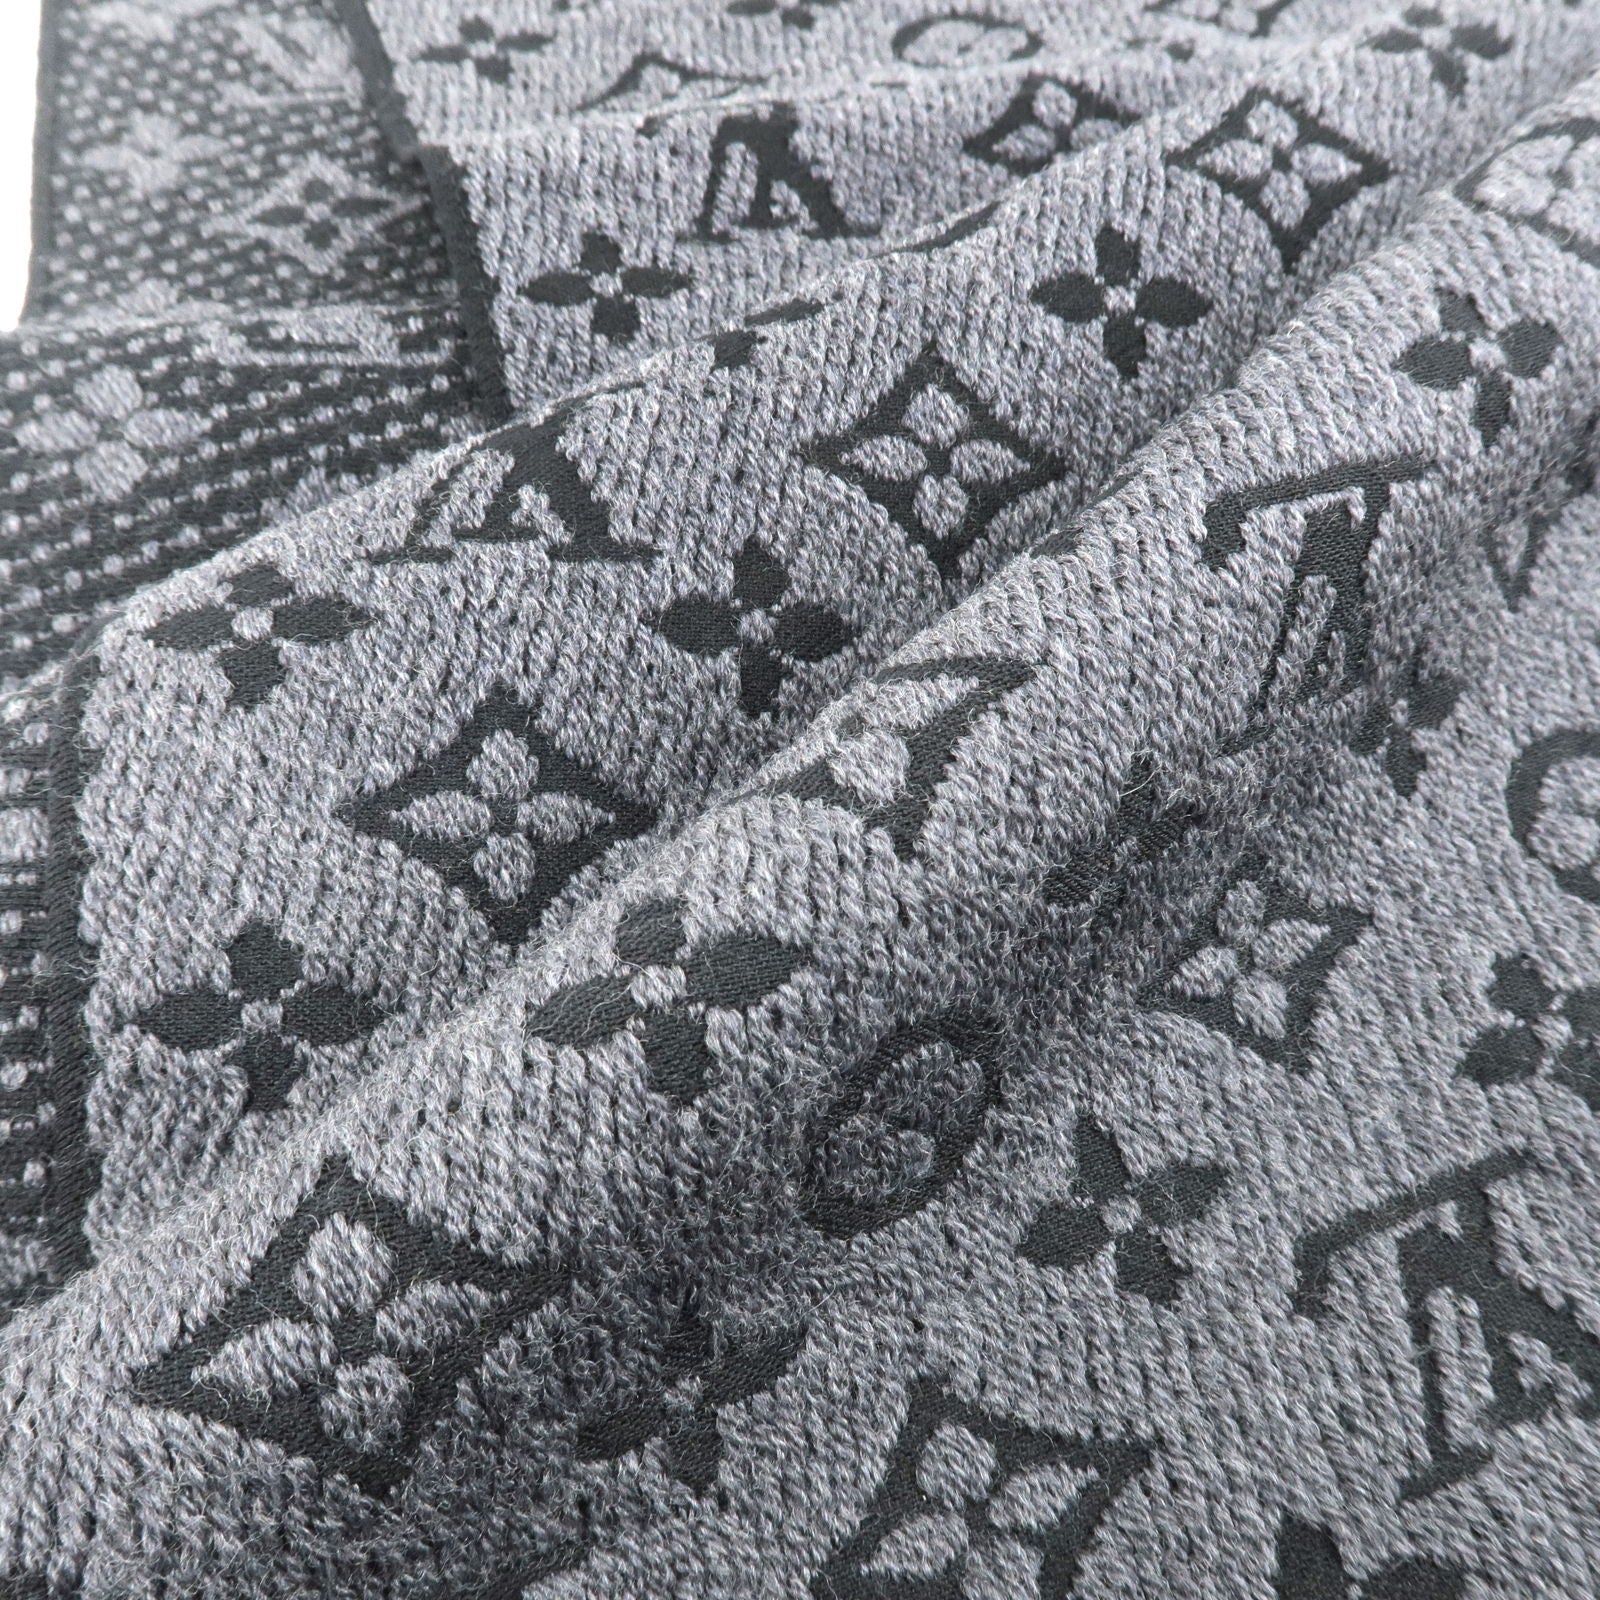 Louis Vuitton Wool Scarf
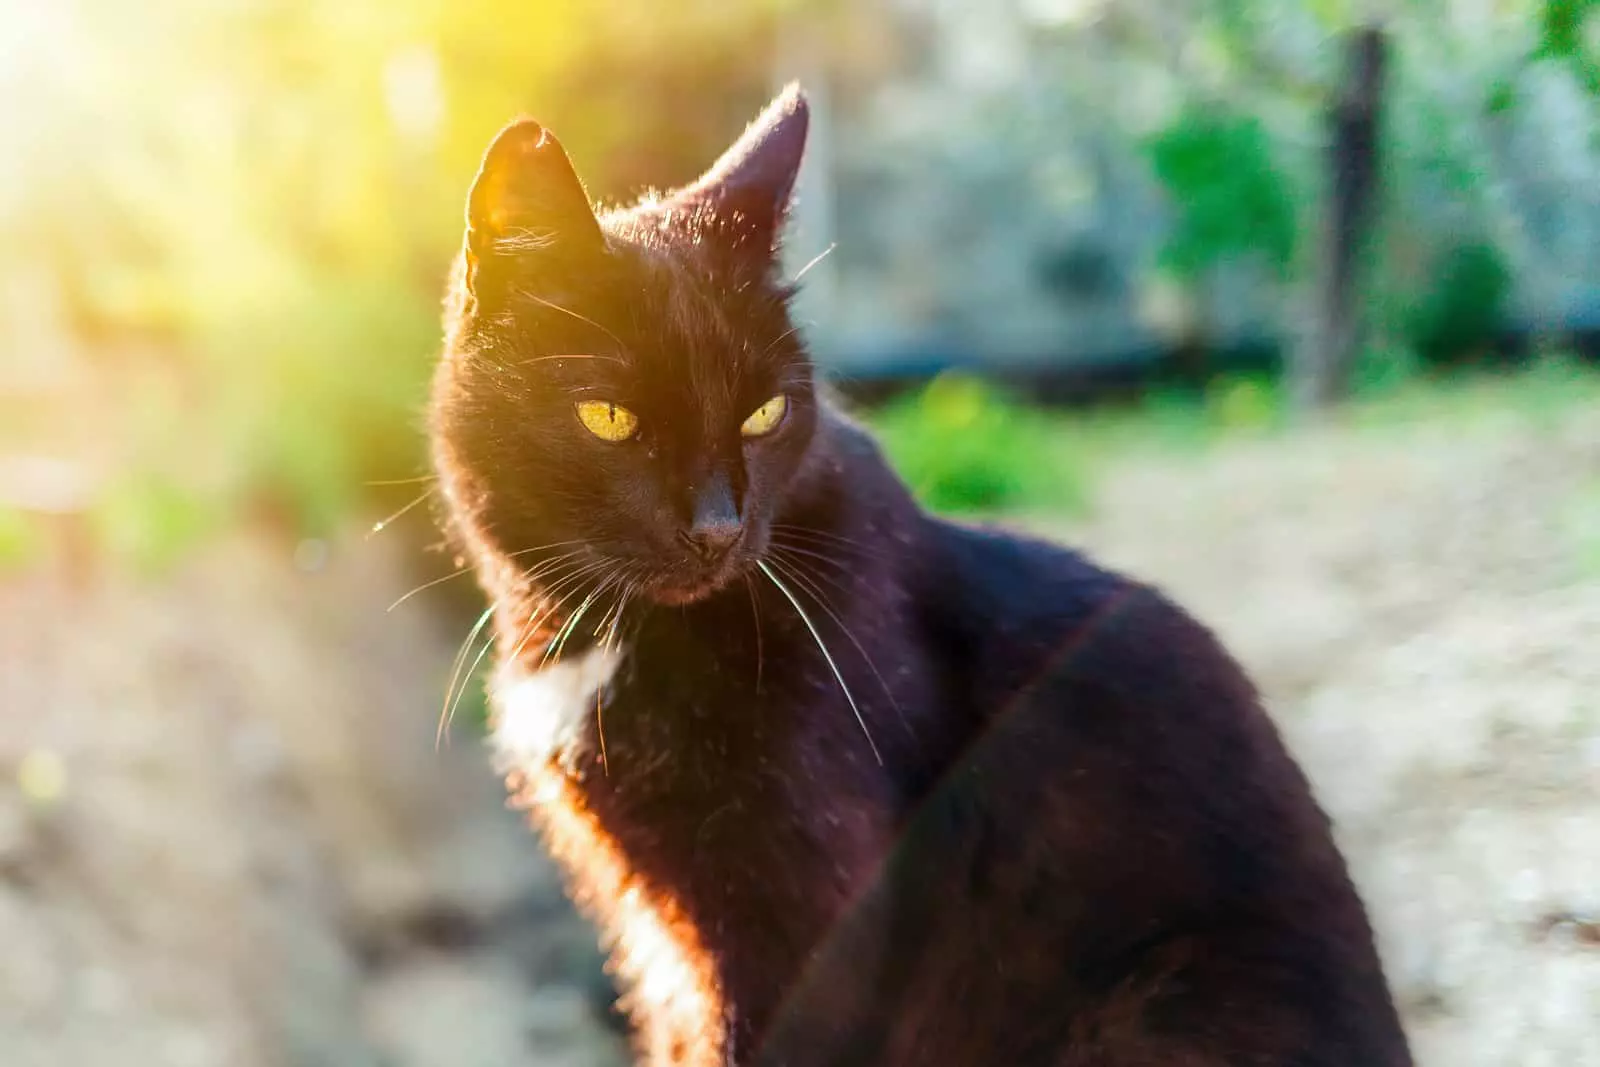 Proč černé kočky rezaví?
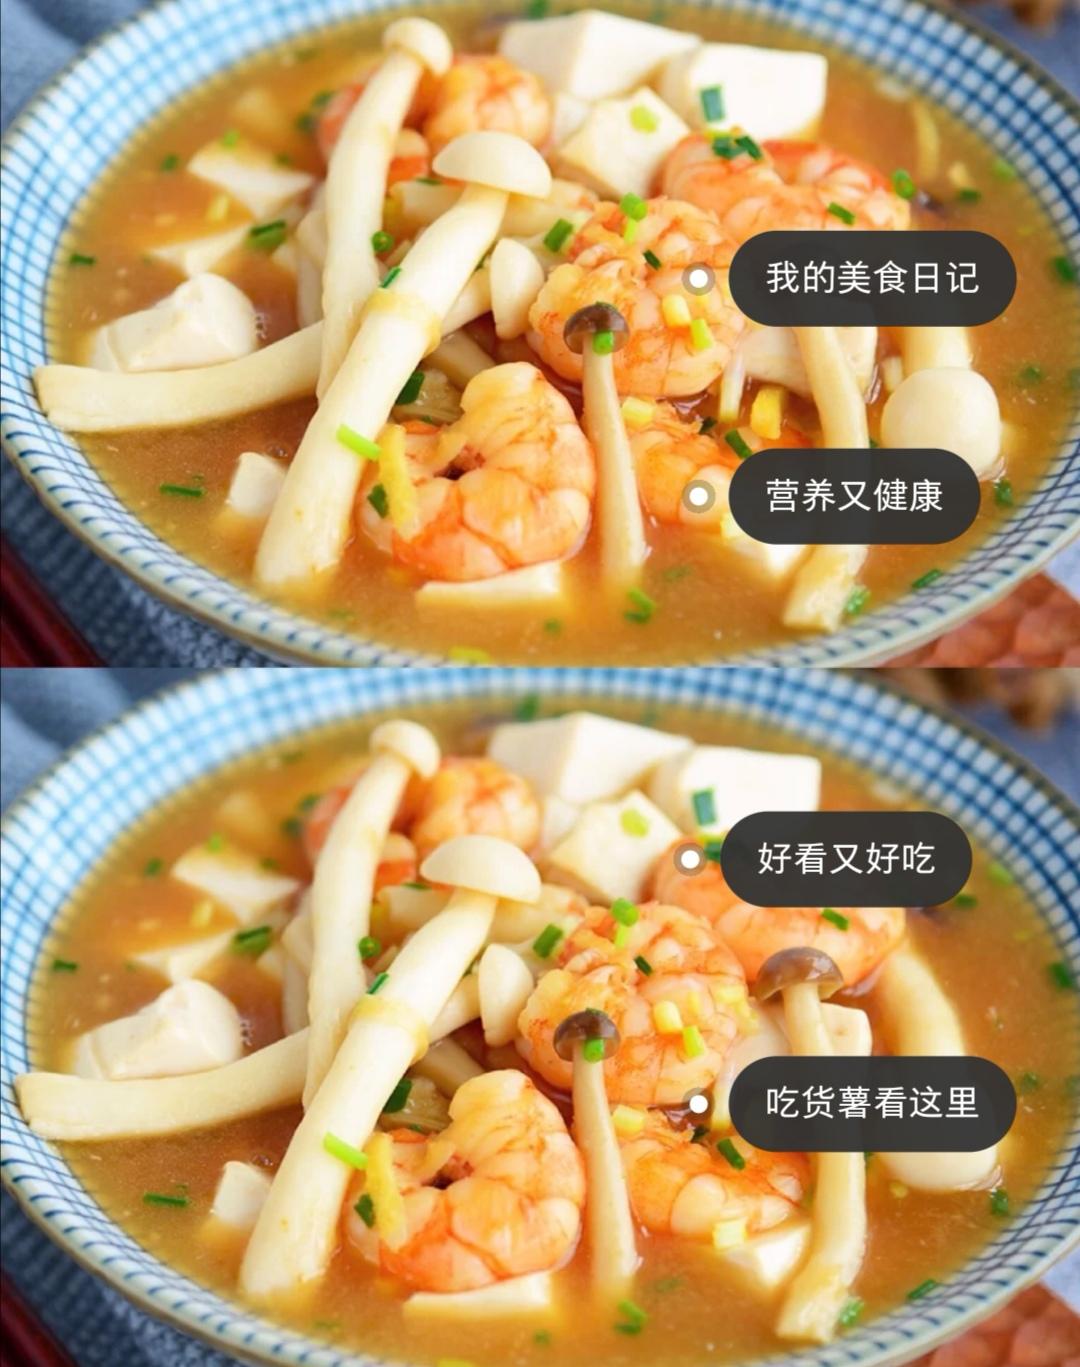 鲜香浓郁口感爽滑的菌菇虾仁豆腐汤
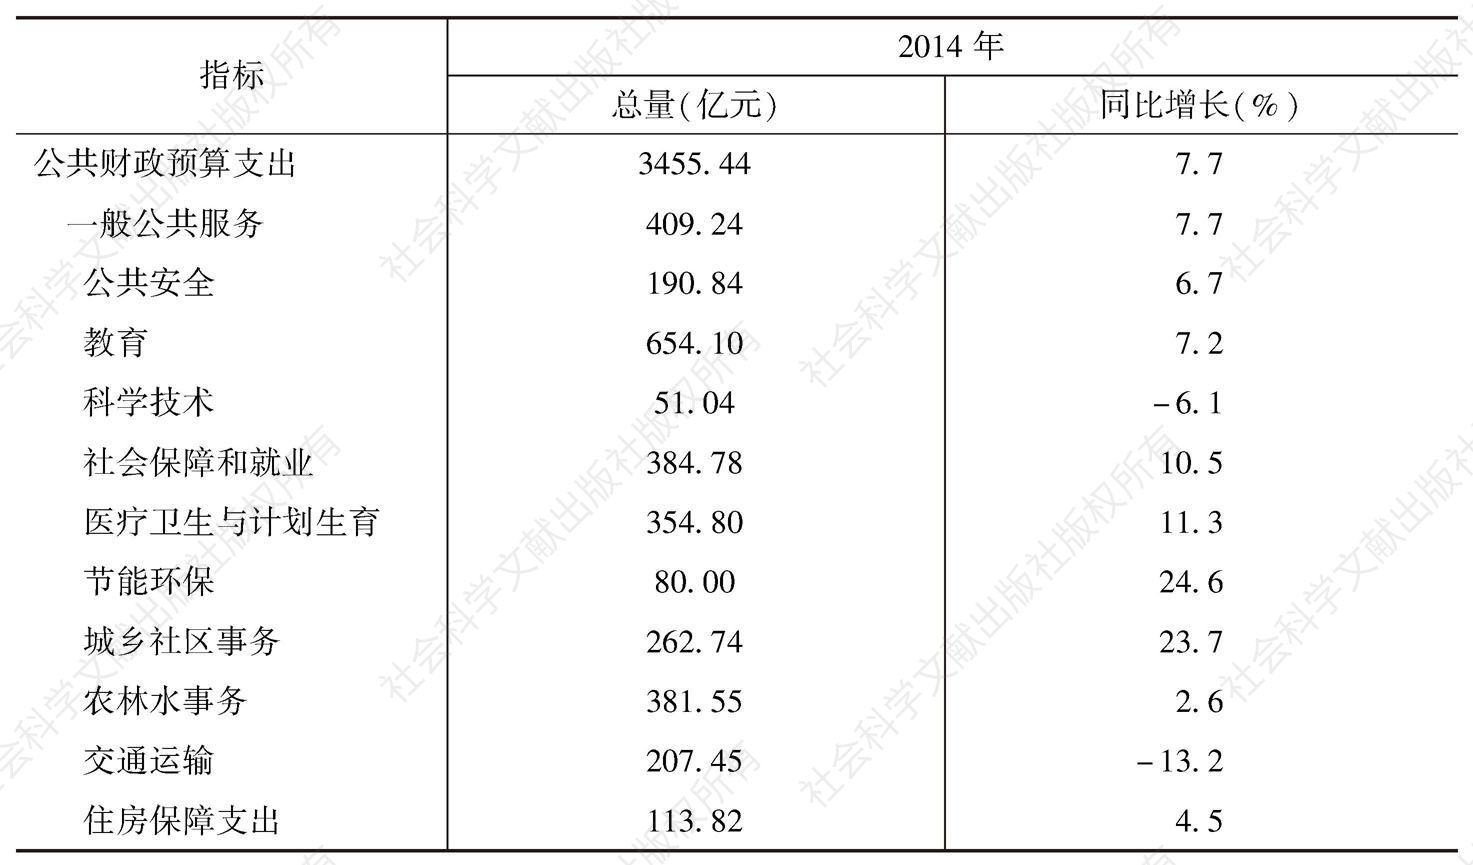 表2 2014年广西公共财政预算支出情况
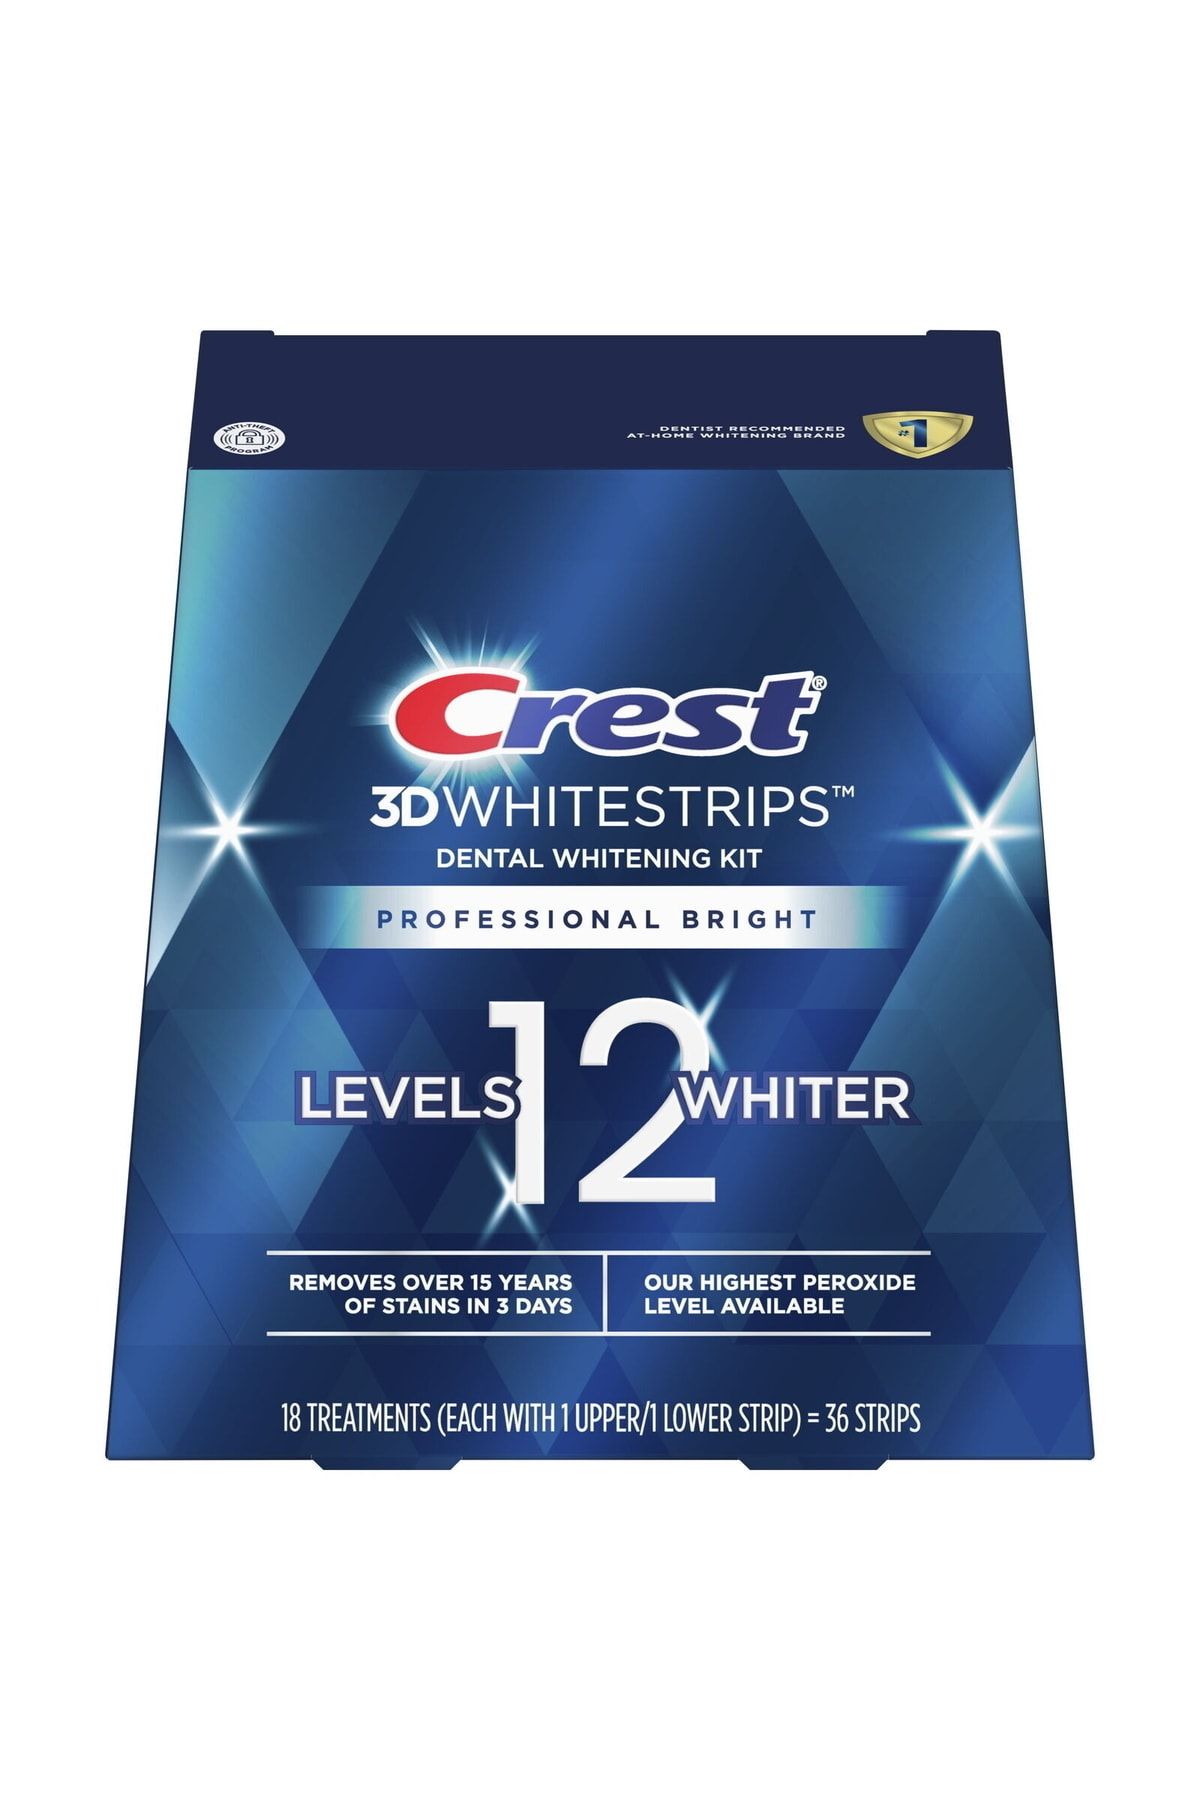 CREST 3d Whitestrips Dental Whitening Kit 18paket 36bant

* [Your assignment] Could you reproduce every record above exactly, leaving out any pictures?

* [Problem solution]
 Louis Vuitton Wool Scarf
 Proč černé kočky rezaví?
 鲜香浓郁口感爽滑的菌菇虾仁豆腐汤
 表2 2014年广西公共财政预算支出情况
 CREST 3d Whitestrips Dental Whitening Kit 18paket 36bant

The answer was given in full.